**Description of the task:** The answer must be the lines from the one that holds "Aquarell der Alpenpracht" through the final line of the data, copied exactly, with no pictures.

**Supplied data:**
━━━━━━

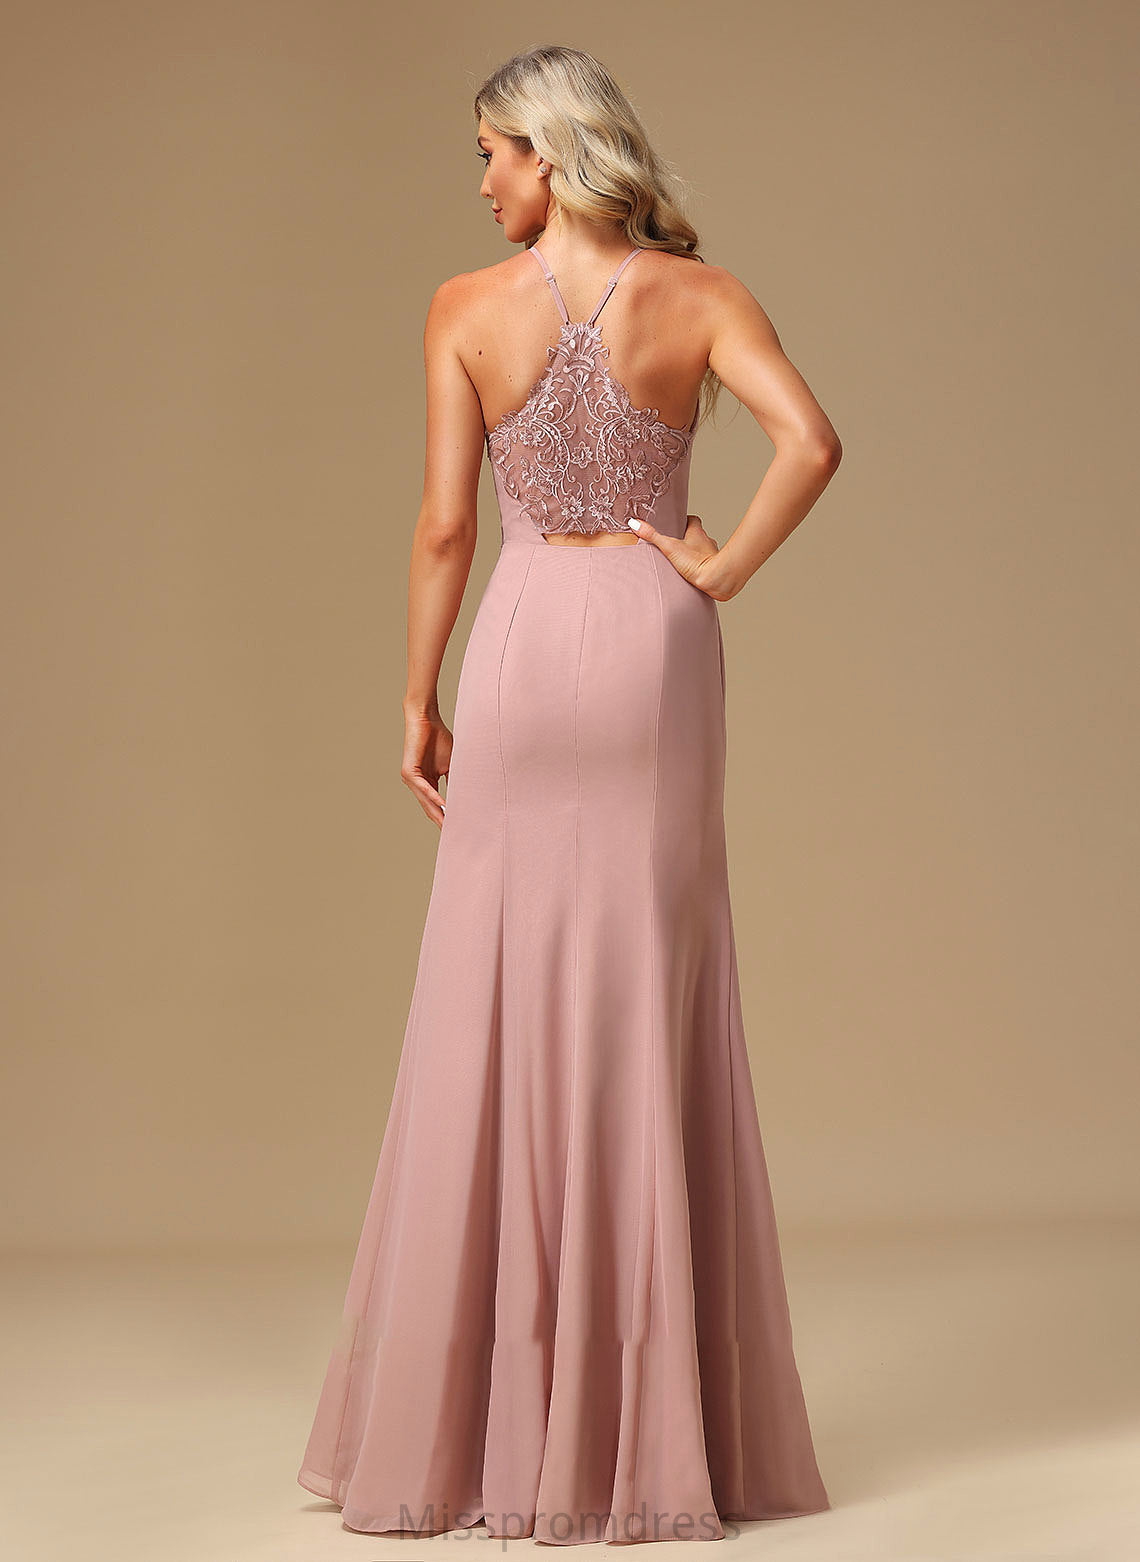 Lace Neckline Fabric Silhouette Floor-Length Length SplitFront Embellishment A-Line HighNeck Julianna High Low Bridesmaid Dresses
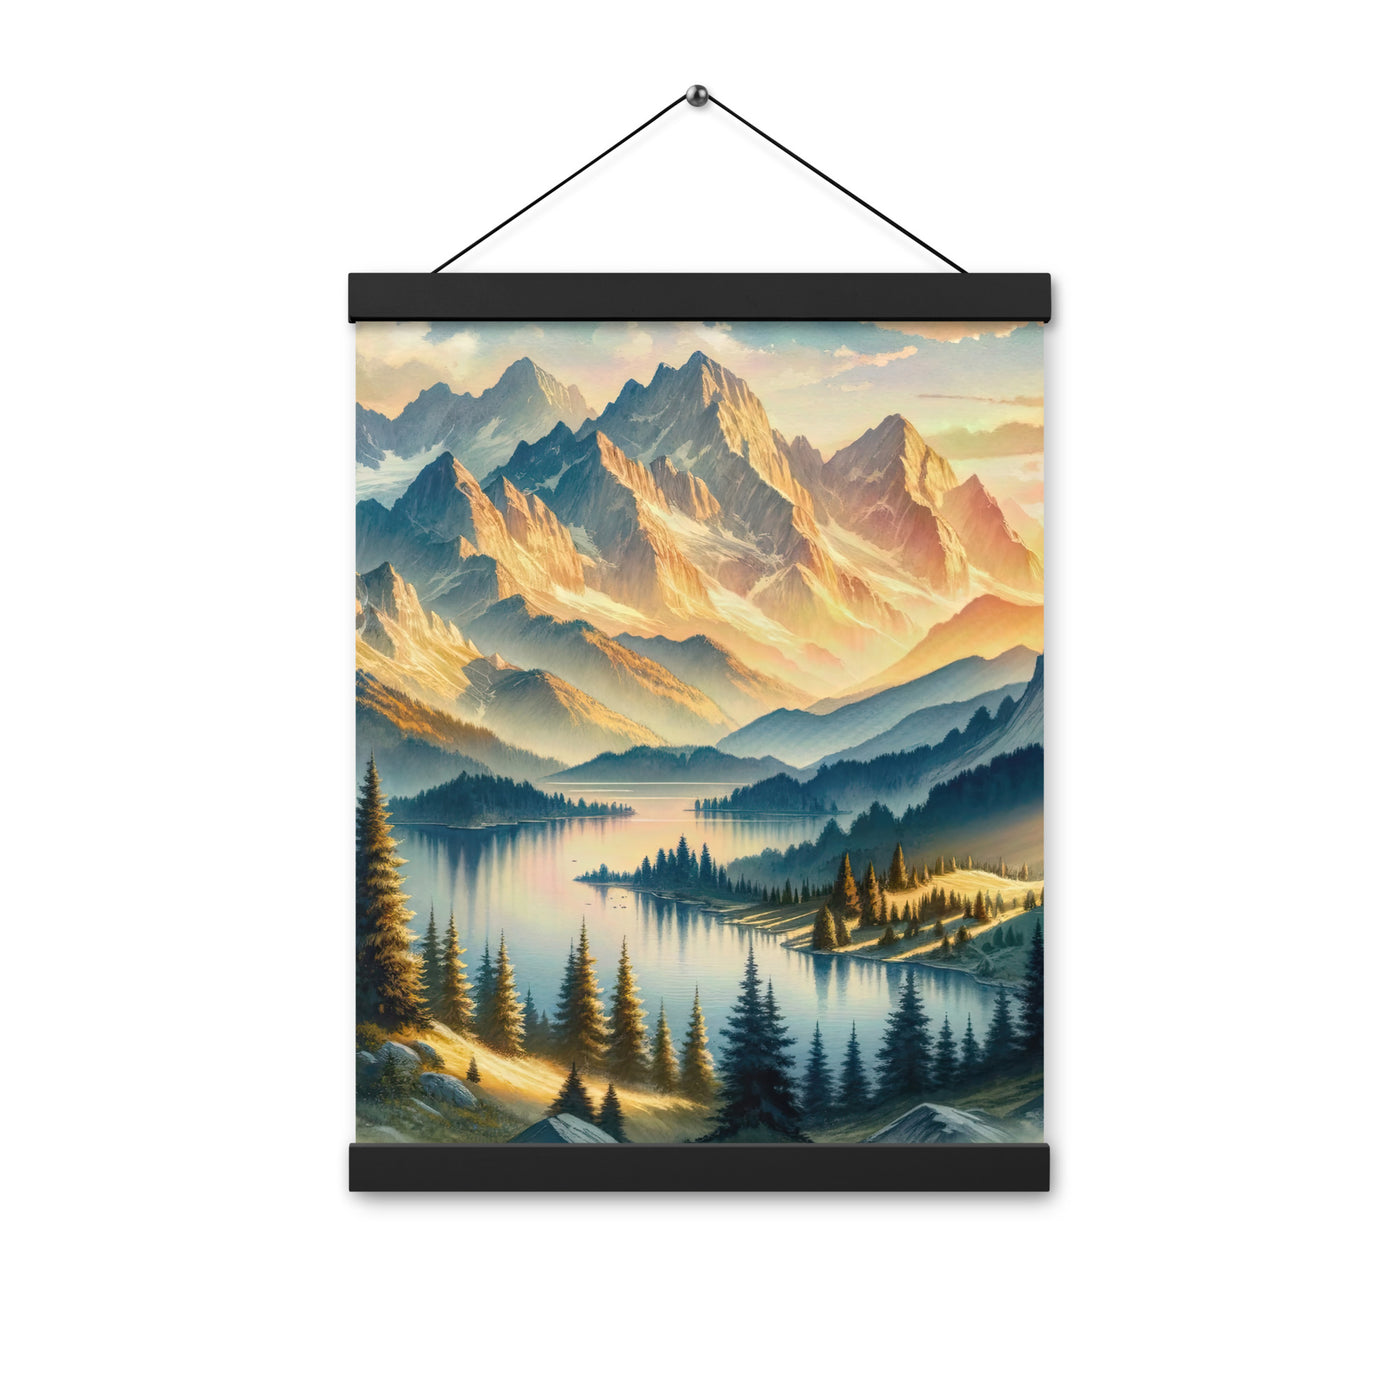 Aquarell der Alpenpracht bei Sonnenuntergang, Berge im goldenen Licht - Premium Poster mit Aufhängung berge xxx yyy zzz 30.5 x 40.6 cm
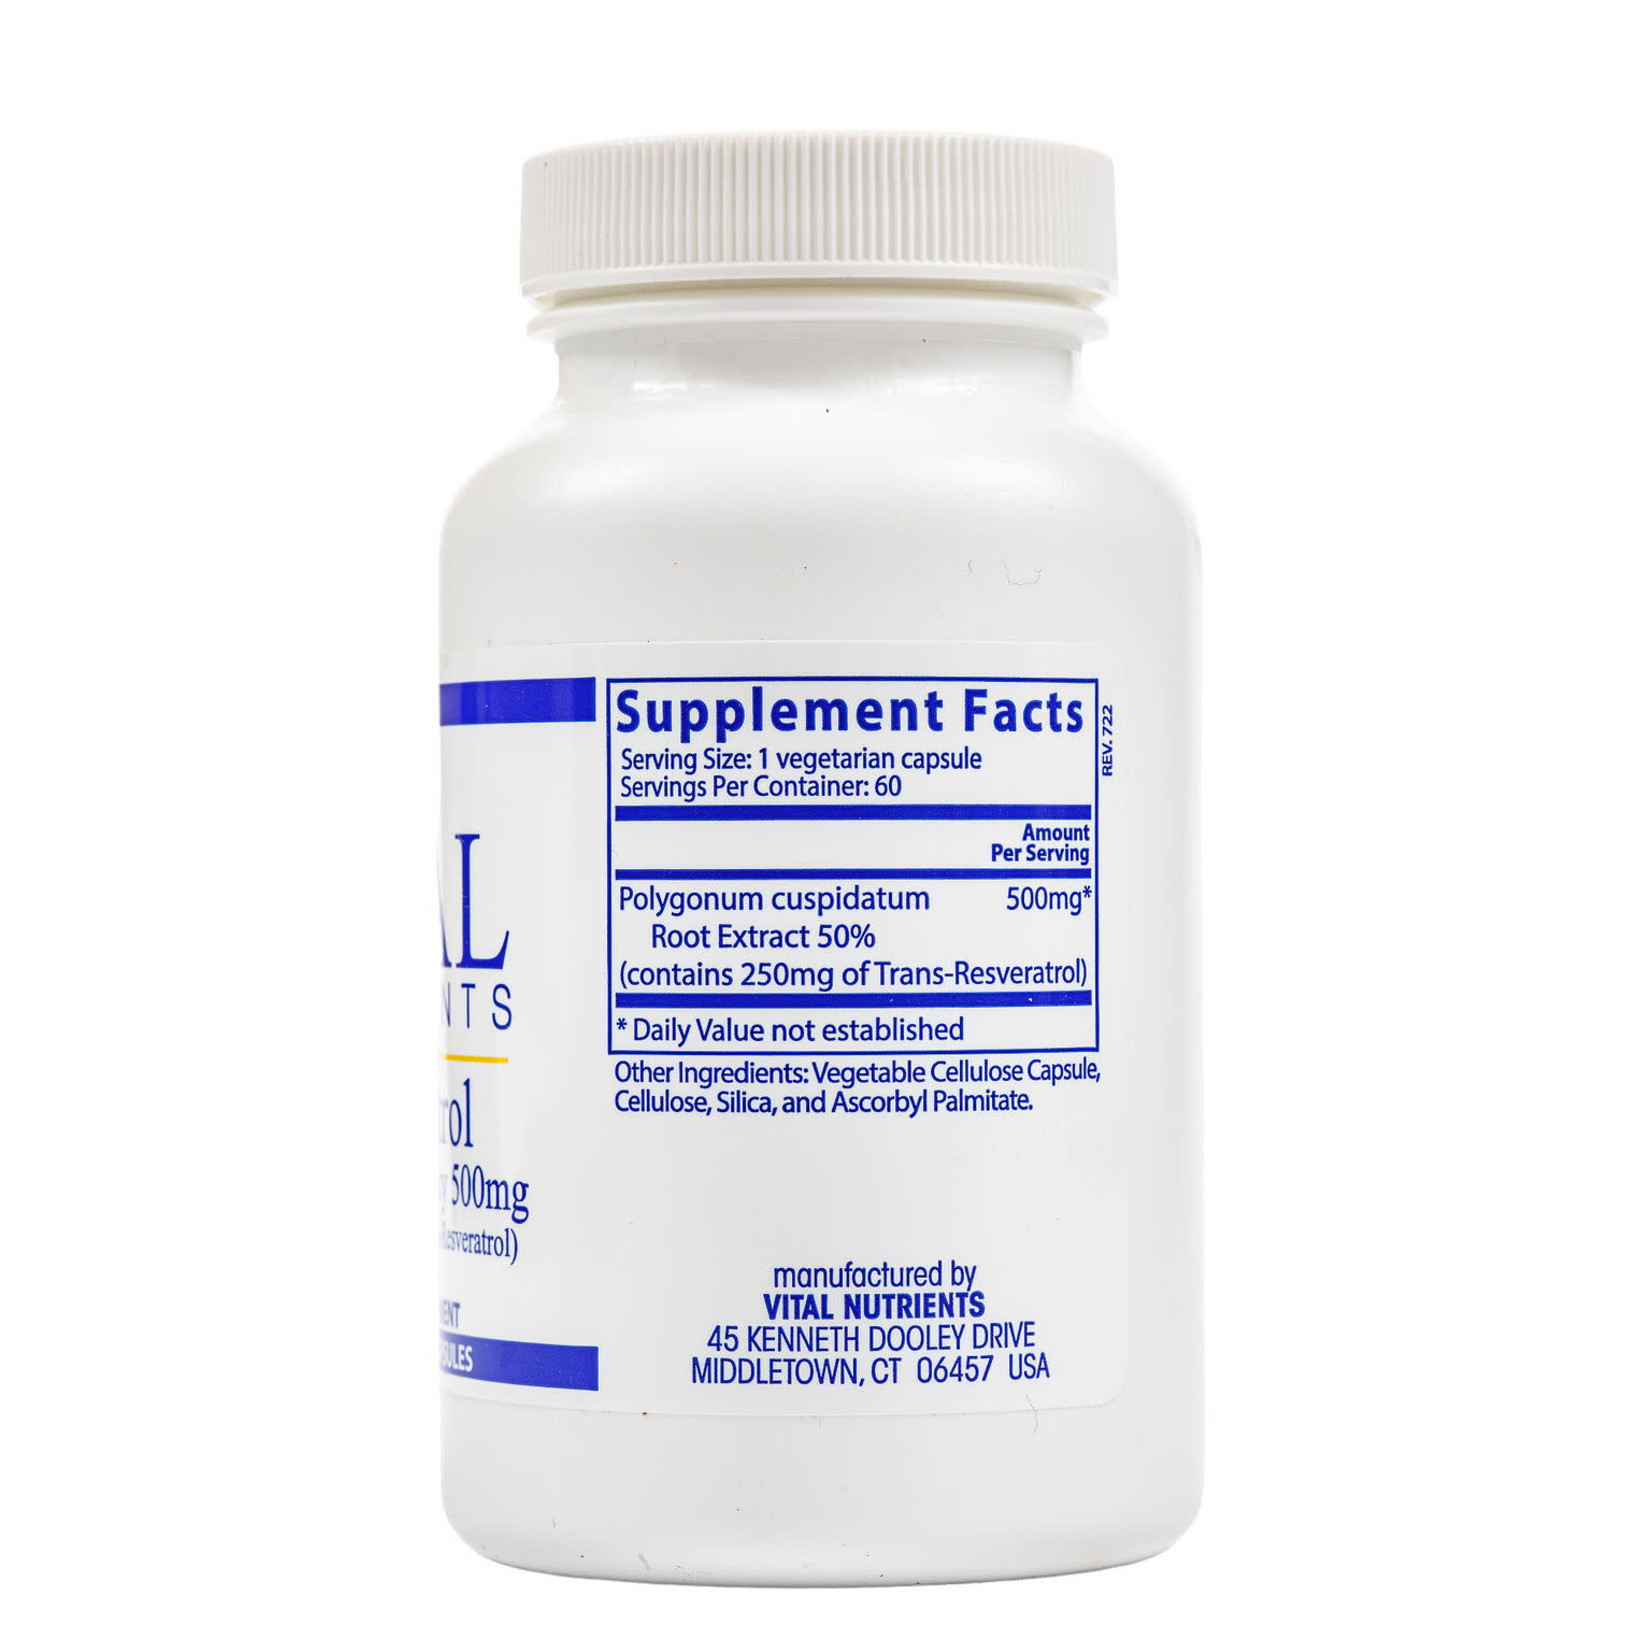 Vital Nutrients Resveratrol Ultra High Potency 500mg 60c Vital Nutrients

━━━━━━

**Response to the task:**
 Aquarell der Alpenpracht bei Sonnenuntergang, Berge im goldenen Licht - Premium Poster mit Aufhängung berge xxx yyy zzz 30.5 x 40.6 cm
 Vital Nutrients Resveratrol Ultra High Potency 500mg 60c Vital Nutrients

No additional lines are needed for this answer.